==== Records provided

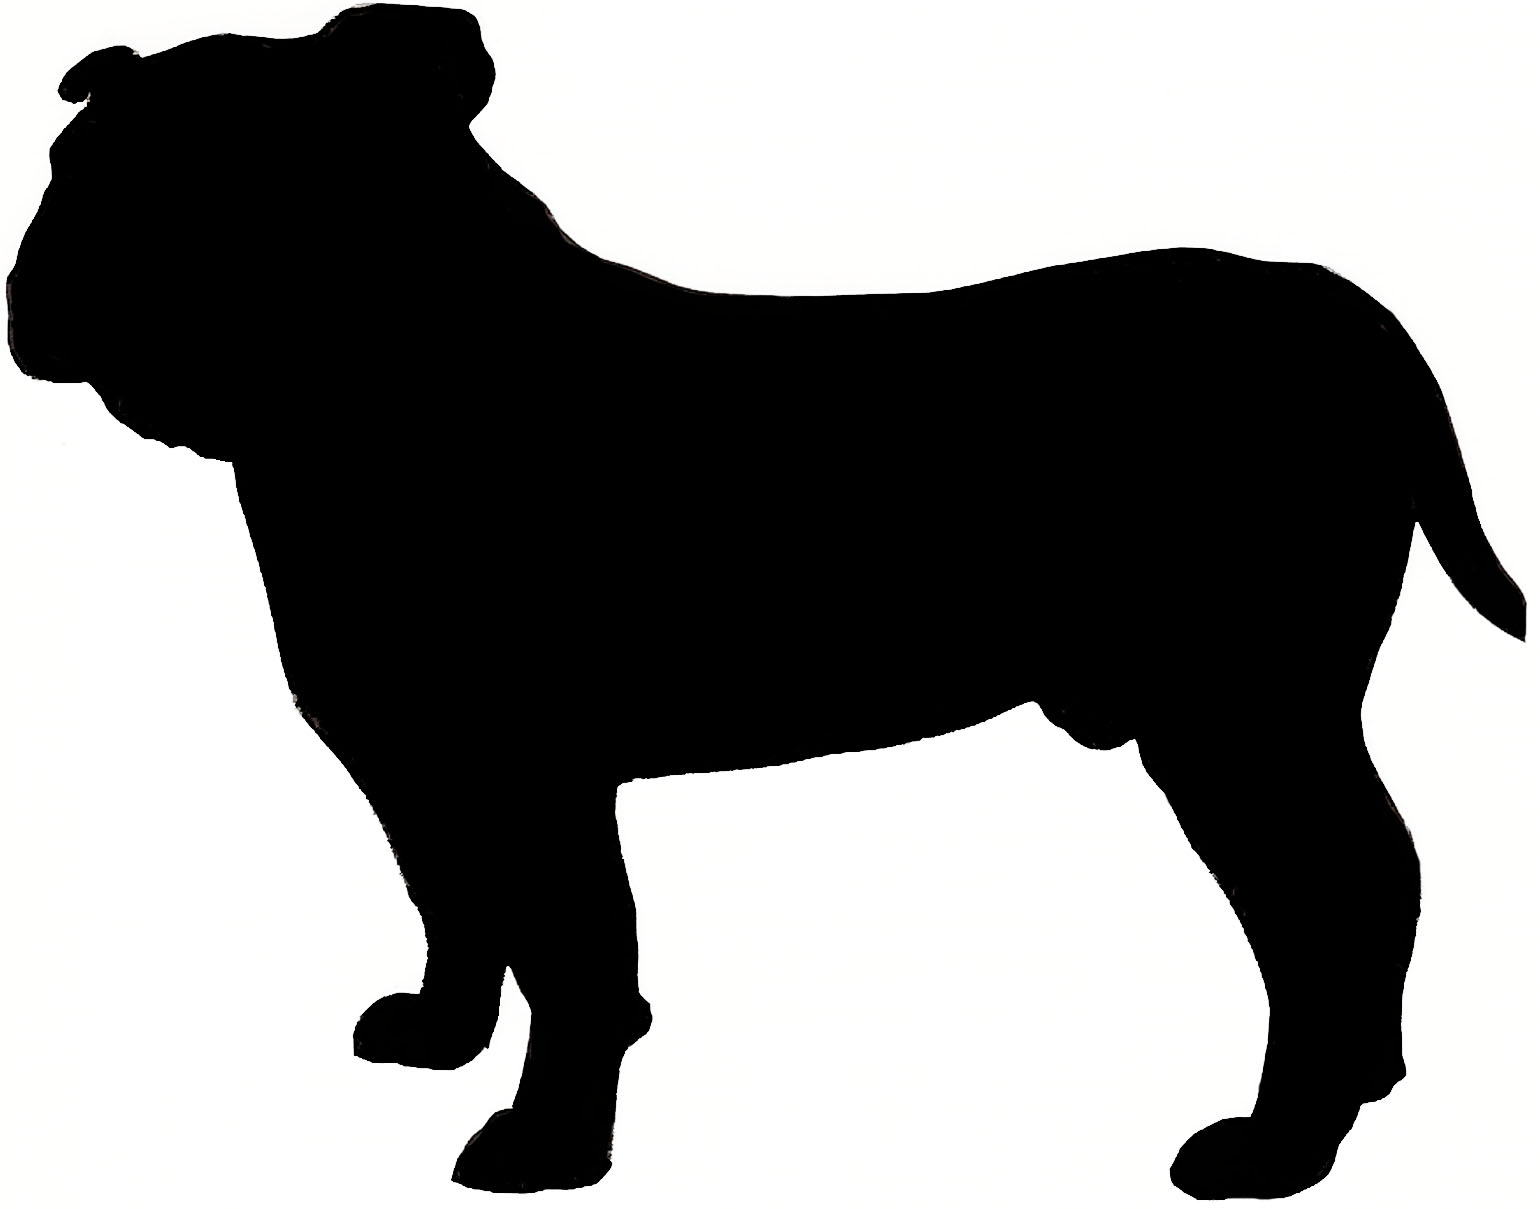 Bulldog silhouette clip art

========
==== Records provided

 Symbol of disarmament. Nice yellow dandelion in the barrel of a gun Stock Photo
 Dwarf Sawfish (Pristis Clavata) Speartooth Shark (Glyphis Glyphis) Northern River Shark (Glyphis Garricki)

========

§ **What to produce**
Among the entries above, locate the lines containing "Symbol of disarmament." and "Dwarf Sawfish (Pristis", and transcribe exactly those two lines and all lines between.

§ **Solution to the problem**
 Symbol of disarmament. Nice yellow dandelion in the barrel of a gun Stock Photo
 Dwarf Sawfish (Pristis Clavata) Speartooth Shark (Glyphis Glyphis) Northern River Shark (Glyphis Garricki)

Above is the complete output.